WORK REQUIRED: Every line below should be given again without alteration.

== DATA LISTING ==

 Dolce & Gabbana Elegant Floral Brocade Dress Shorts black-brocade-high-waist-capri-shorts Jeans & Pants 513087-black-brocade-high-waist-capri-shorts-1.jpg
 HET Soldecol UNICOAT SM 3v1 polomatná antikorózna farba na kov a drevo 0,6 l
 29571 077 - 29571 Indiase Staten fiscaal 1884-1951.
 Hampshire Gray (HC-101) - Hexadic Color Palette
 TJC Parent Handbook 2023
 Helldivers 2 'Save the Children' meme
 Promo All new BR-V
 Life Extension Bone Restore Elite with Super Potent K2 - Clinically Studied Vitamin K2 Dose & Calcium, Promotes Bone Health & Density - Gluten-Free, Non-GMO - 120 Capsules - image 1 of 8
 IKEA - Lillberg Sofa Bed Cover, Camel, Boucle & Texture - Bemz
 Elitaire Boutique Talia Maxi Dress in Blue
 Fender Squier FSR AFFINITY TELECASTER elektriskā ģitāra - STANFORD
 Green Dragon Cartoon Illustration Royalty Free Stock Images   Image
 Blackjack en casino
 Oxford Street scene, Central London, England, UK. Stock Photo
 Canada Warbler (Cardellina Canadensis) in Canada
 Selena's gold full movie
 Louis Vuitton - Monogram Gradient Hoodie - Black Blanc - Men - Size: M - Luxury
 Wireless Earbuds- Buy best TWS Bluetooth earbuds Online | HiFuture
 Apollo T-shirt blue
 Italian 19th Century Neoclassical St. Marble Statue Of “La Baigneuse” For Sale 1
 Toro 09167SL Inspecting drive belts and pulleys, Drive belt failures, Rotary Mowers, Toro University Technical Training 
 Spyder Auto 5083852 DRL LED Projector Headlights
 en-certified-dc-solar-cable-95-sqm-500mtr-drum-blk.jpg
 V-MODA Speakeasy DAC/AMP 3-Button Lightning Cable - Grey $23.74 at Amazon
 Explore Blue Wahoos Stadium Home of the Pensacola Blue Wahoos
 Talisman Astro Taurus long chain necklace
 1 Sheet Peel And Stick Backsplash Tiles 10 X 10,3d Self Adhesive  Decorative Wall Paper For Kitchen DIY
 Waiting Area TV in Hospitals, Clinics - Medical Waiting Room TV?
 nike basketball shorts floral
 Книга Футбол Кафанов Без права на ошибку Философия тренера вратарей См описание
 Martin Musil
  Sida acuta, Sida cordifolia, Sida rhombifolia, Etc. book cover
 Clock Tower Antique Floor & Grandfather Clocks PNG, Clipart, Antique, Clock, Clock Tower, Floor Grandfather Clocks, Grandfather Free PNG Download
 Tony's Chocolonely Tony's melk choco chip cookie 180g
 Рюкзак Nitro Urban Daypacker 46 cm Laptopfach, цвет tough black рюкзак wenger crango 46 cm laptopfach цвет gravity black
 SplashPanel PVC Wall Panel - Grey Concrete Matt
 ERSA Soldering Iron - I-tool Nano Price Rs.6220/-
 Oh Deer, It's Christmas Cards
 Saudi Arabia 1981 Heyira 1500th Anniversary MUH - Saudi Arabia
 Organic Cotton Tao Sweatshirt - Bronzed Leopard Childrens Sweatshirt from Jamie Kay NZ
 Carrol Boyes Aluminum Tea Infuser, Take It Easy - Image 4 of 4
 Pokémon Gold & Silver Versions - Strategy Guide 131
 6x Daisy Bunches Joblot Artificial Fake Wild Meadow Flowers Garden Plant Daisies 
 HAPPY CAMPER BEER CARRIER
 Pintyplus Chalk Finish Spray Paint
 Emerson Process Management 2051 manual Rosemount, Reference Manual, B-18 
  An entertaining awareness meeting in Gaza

===

RESULT OF THIS EXERCISE:
 Dolce & Gabbana Elegant Floral Brocade Dress Shorts black-brocade-high-waist-capri-shorts Jeans & Pants 513087-black-brocade-high-waist-capri-shorts-1.jpg
 HET Soldecol UNICOAT SM 3v1 polomatná antikorózna farba na kov a drevo 0,6 l
 29571 077 - 29571 Indiase Staten fiscaal 1884-1951.
 Hampshire Gray (HC-101) - Hexadic Color Palette
 TJC Parent Handbook 2023
 Helldivers 2 'Save the Children' meme
 Promo All new BR-V
 Life Extension Bone Restore Elite with Super Potent K2 - Clinically Studied Vitamin K2 Dose & Calcium, Promotes Bone Health & Density - Gluten-Free, Non-GMO - 120 Capsules - image 1 of 8
 IKEA - Lillberg Sofa Bed Cover, Camel, Boucle & Texture - Bemz
 Elitaire Boutique Talia Maxi Dress in Blue
 Fender Squier FSR AFFINITY TELECASTER elektriskā ģitāra - STANFORD
 Green Dragon Cartoon Illustration Royalty Free Stock Images   Image
 Blackjack en casino
 Oxford Street scene, Central London, England, UK. Stock Photo
 Canada Warbler (Cardellina Canadensis) in Canada
 Selena's gold full movie
 Louis Vuitton - Monogram Gradient Hoodie - Black Blanc - Men - Size: M - Luxury
 Wireless Earbuds- Buy best TWS Bluetooth earbuds Online | HiFuture
 Apollo T-shirt blue
 Italian 19th Century Neoclassical St. Marble Statue Of “La Baigneuse” For Sale 1
 Toro 09167SL Inspecting drive belts and pulleys, Drive belt failures, Rotary Mowers, Toro University Technical Training 
 Spyder Auto 5083852 DRL LED Projector Headlights
 en-certified-dc-solar-cable-95-sqm-500mtr-drum-blk.jpg
 V-MODA Speakeasy DAC/AMP 3-Button Lightning Cable - Grey $23.74 at Amazon
 Explore Blue Wahoos Stadium Home of the Pensacola Blue Wahoos
 Talisman Astro Taurus long chain necklace
 1 Sheet Peel And Stick Backsplash Tiles 10 X 10,3d Self Adhesive  Decorative Wall Paper For Kitchen DIY
 Waiting Area TV in Hospitals, Clinics - Medical Waiting Room TV?
 nike basketball shorts floral
 Книга Футбол Кафанов Без права на ошибку Философия тренера вратарей См описание
 Martin Musil
  Sida acuta, Sida cordifolia, Sida rhombifolia, Etc. book cover
 Clock Tower Antique Floor & Grandfather Clocks PNG, Clipart, Antique, Clock, Clock Tower, Floor Grandfather Clocks, Grandfather Free PNG Download
 Tony's Chocolonely Tony's melk choco chip cookie 180g
 Рюкзак Nitro Urban Daypacker 46 cm Laptopfach, цвет tough black рюкзак wenger crango 46 cm laptopfach цвет gravity black
 SplashPanel PVC Wall Panel - Grey Concrete Matt
 ERSA Soldering Iron - I-tool Nano Price Rs.6220/-
 Oh Deer, It's Christmas Cards
 Saudi Arabia 1981 Heyira 1500th Anniversary MUH - Saudi Arabia
 Organic Cotton Tao Sweatshirt - Bronzed Leopard Childrens Sweatshirt from Jamie Kay NZ
 Carrol Boyes Aluminum Tea Infuser, Take It Easy - Image 4 of 4
 Pokémon Gold & Silver Versions - Strategy Guide 131
 6x Daisy Bunches Joblot Artificial Fake Wild Meadow Flowers Garden Plant Daisies 
 HAPPY CAMPER BEER CARRIER
 Pintyplus Chalk Finish Spray Paint
 Emerson Process Management 2051 manual Rosemount, Reference Manual, B-18 
  An entertaining awareness meeting in Gaza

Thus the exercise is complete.